Antiplatelet Treatment Does Not Affect the Kinetics of Clot Formation After TF Pathway Activation in Patients with Carotid Artery Disease. A Thromboelastography Study

Abstract number: P2197

Kostantinidis K, Gerasimidis T

Background:  Antiplatelet treatment is the cornerstone of secondary antithrombotic prophylaxis. Platelet adhesion is one of the first steps of thrombogenesis. Tissue factor (blood-born or at the ruptured atheromatic plaque) is the major trigger for thrombin generation, which results in platelet activation and thrombus formation. Thrombin activated platelets contribute to the amplification of thrombin generation and clot growth.

Aim:  We investigated the influence of antiplatelet treatment on the dynamics of clot formation in whole blood (WB) after TF-pathway activation using a WB-TF-Thromboelastography (WB-TF-TEG) assay, as previously described (Gerotziafas et al., Thromb Haemost 2004;92:1296–302).

Patients and methods:  Citrated WB was collected from 20 patients with carotid artery disease, treated with antiplatelet agents (aspirin and/or clopidogrel) and from 20 normal subjects. The WB-TF-TEG was performed within 30–90 minutes after blood sampling on a computerized thromboelastograph ROTEM^® (PENTAPHARM, Munich, Germany). Coagulation was triggered by addition of CaCl₂ (0.2 mM) and rTF (Innovin Dade Behring, Germany) diluted 1/8000 in plasma. Four parameters were analyzed: Clotting Time (CT); Clot Formation Time (CFT), time required to reach a fixed level (20 mm) of clot firmness; alpha angle (a) reflecting clot development kinetics, and Maximum Clot Firmness (MCF).
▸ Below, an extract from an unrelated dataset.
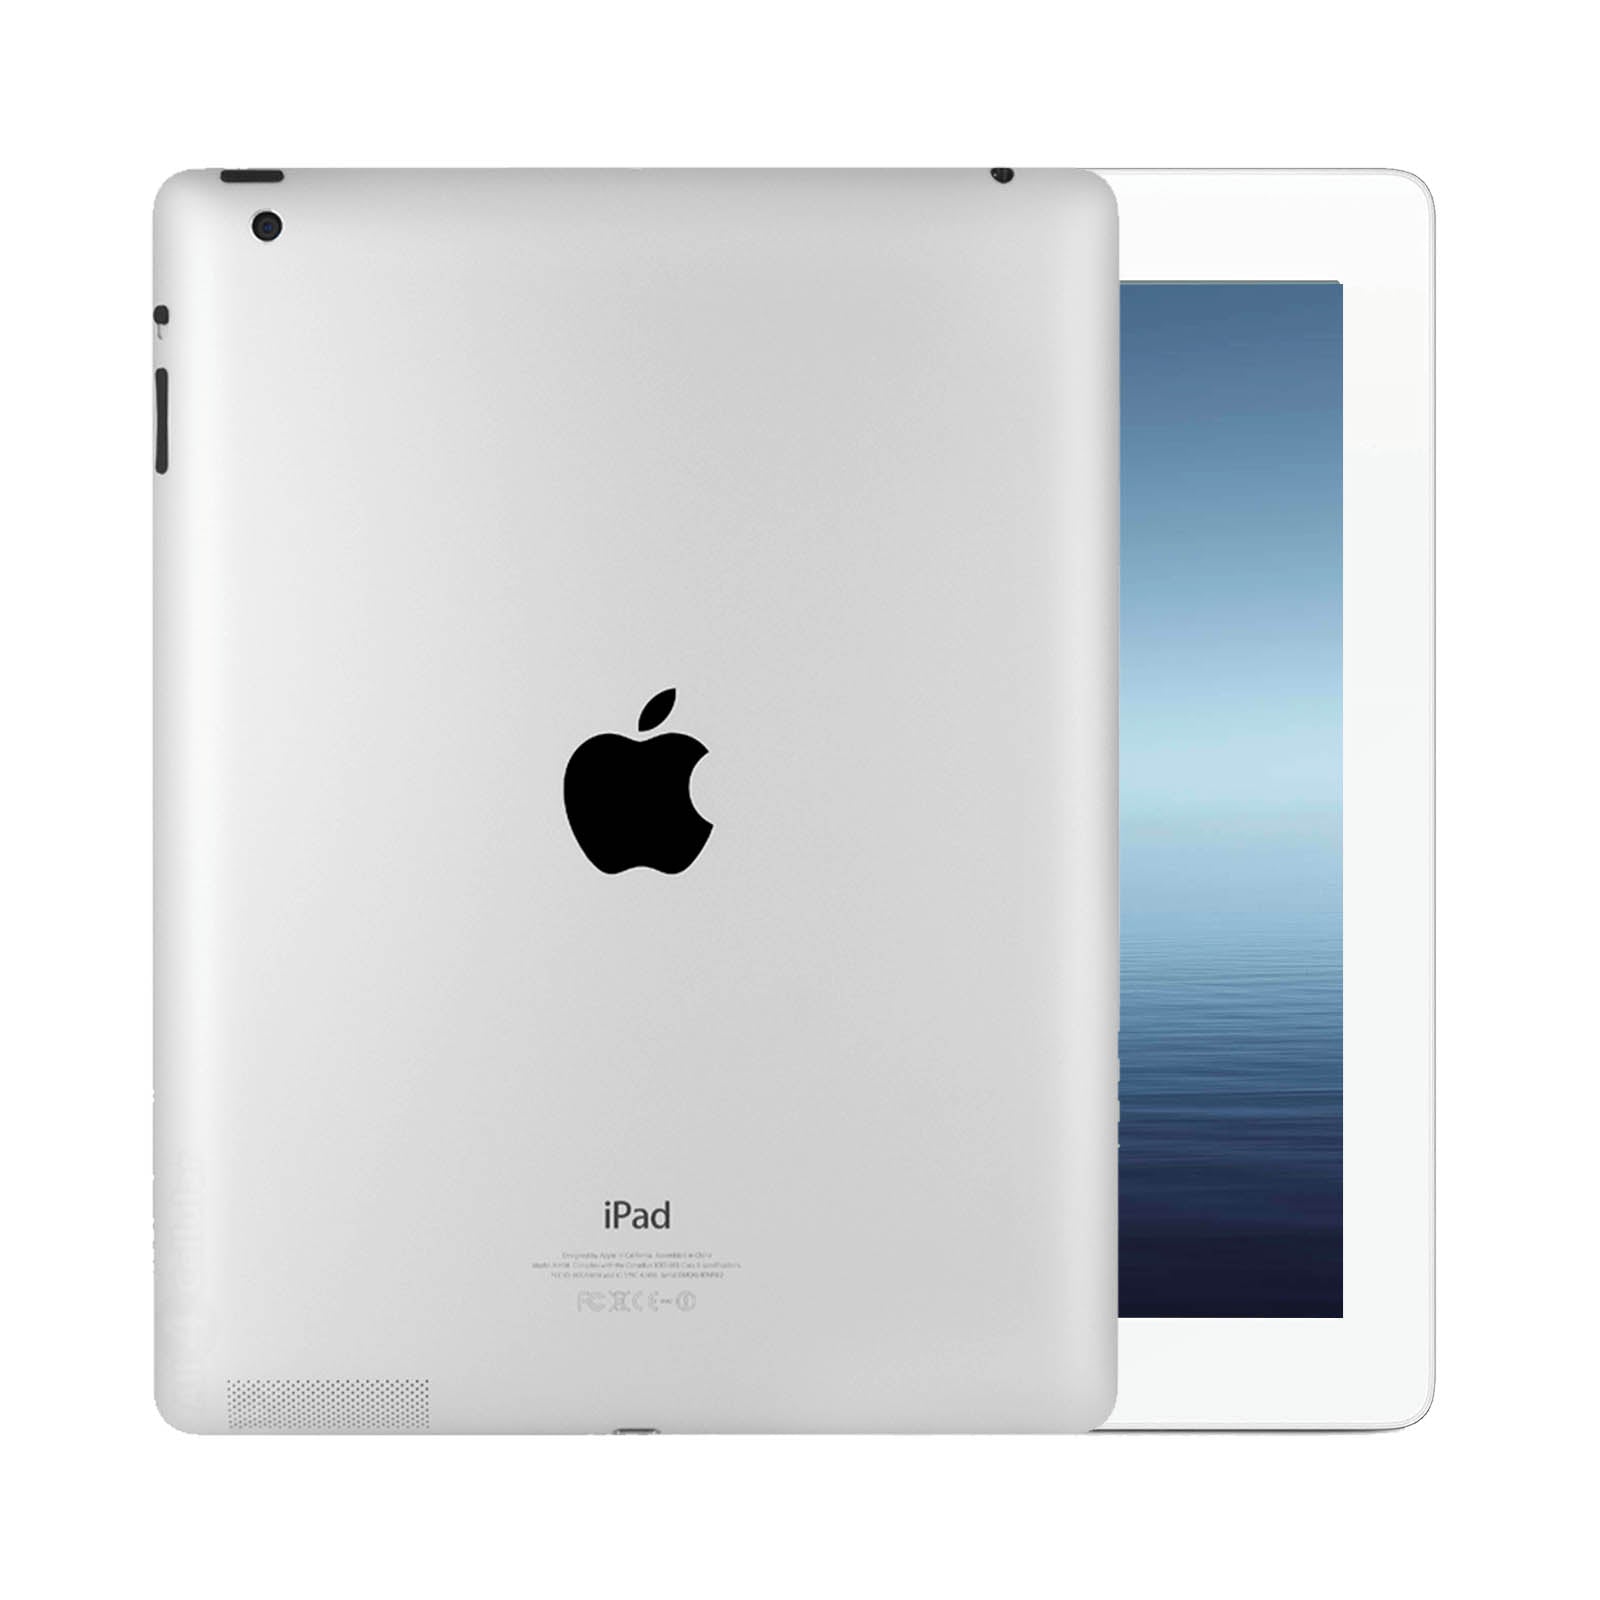 Apple iPad 3 64GB White Fair - WiFI
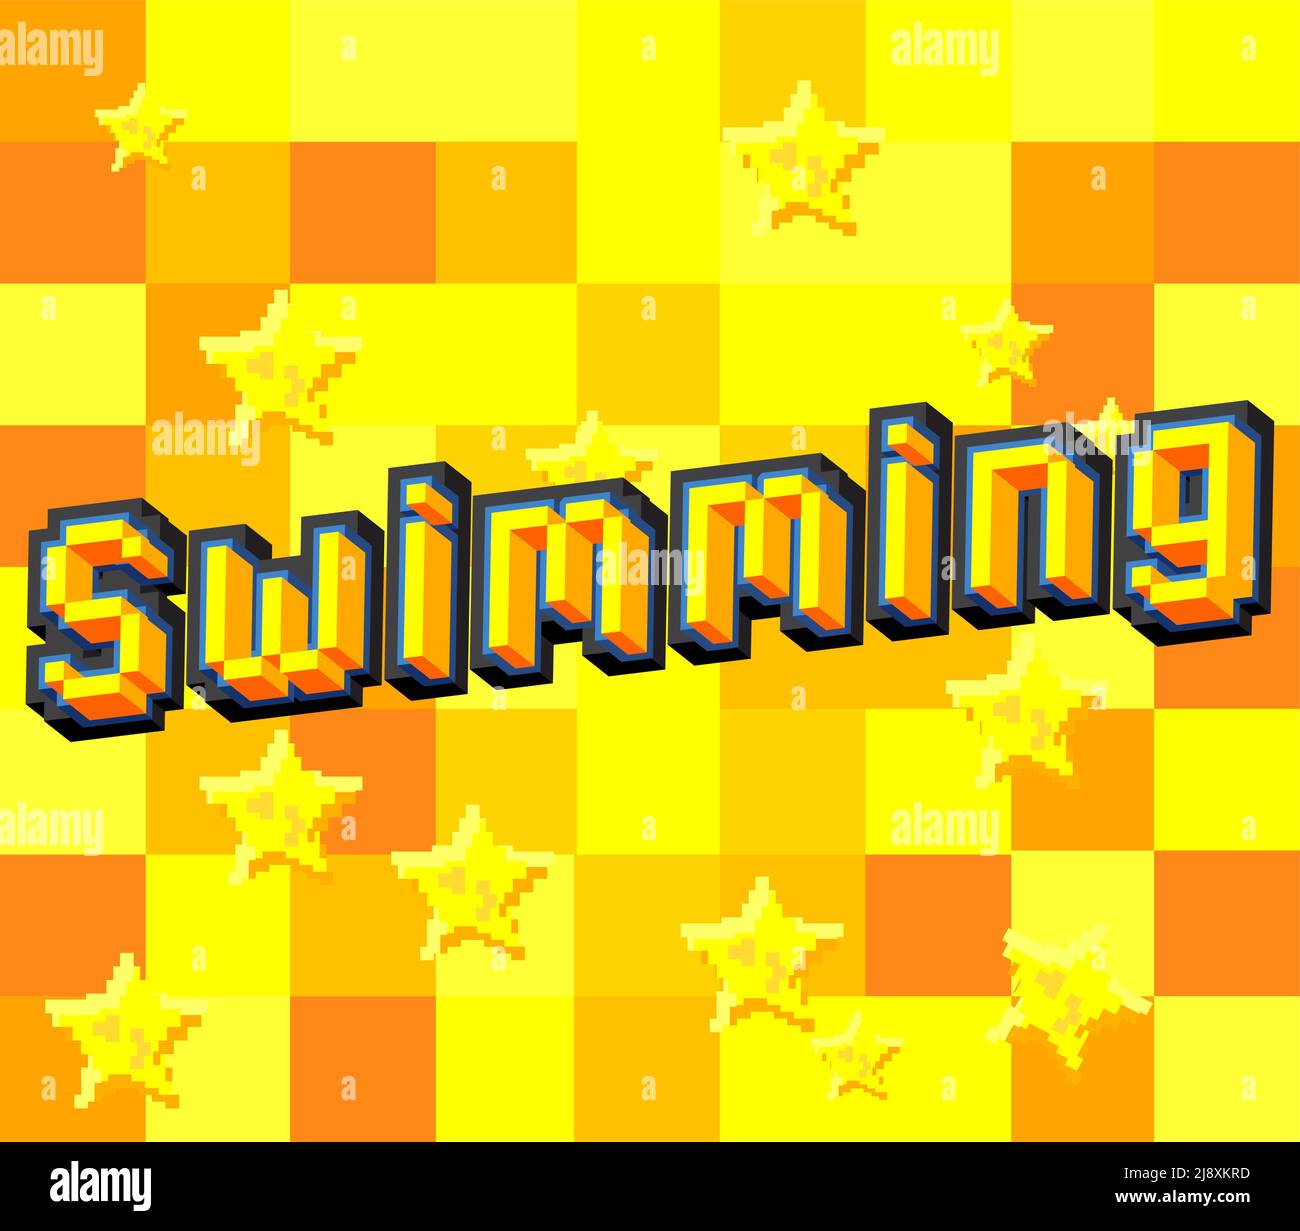 Schwimmen. Verpixeltes Wort mit geometrischem grafischem Hintergrund. Vektorgrafik Cartoon-Illustration. Stock Vektor

Results:  Antiplatelet treatment did not modify the WB-TF-TEG profile as compared to the control group. Control (n= 20): CT: 309 ± 48, CFT: 89 ± 16, a-angle: 73 ± 3, MCF: 69 ± 10. Baseline patients: CT: 282 ± 52, CFT: 89 ± 25, a-angle: 72 ± 4, MCF: 66 ± 5 (In all cases control vs baseline P > 0.05).

Conclusion:  These data indicate that when thrombin generation is triggered by TF pathway activation in WB, the antiplatelet treatment does not modify the kinetics of thrombus formation neither its physical characteristics. Probably the inhibition of platelet ADP and/or arachidonic acid pathways is not sufficient to modify the kinetics of clot formation and its physical characteristics when thrombin is generated. The physiological relevance of this observation is studied.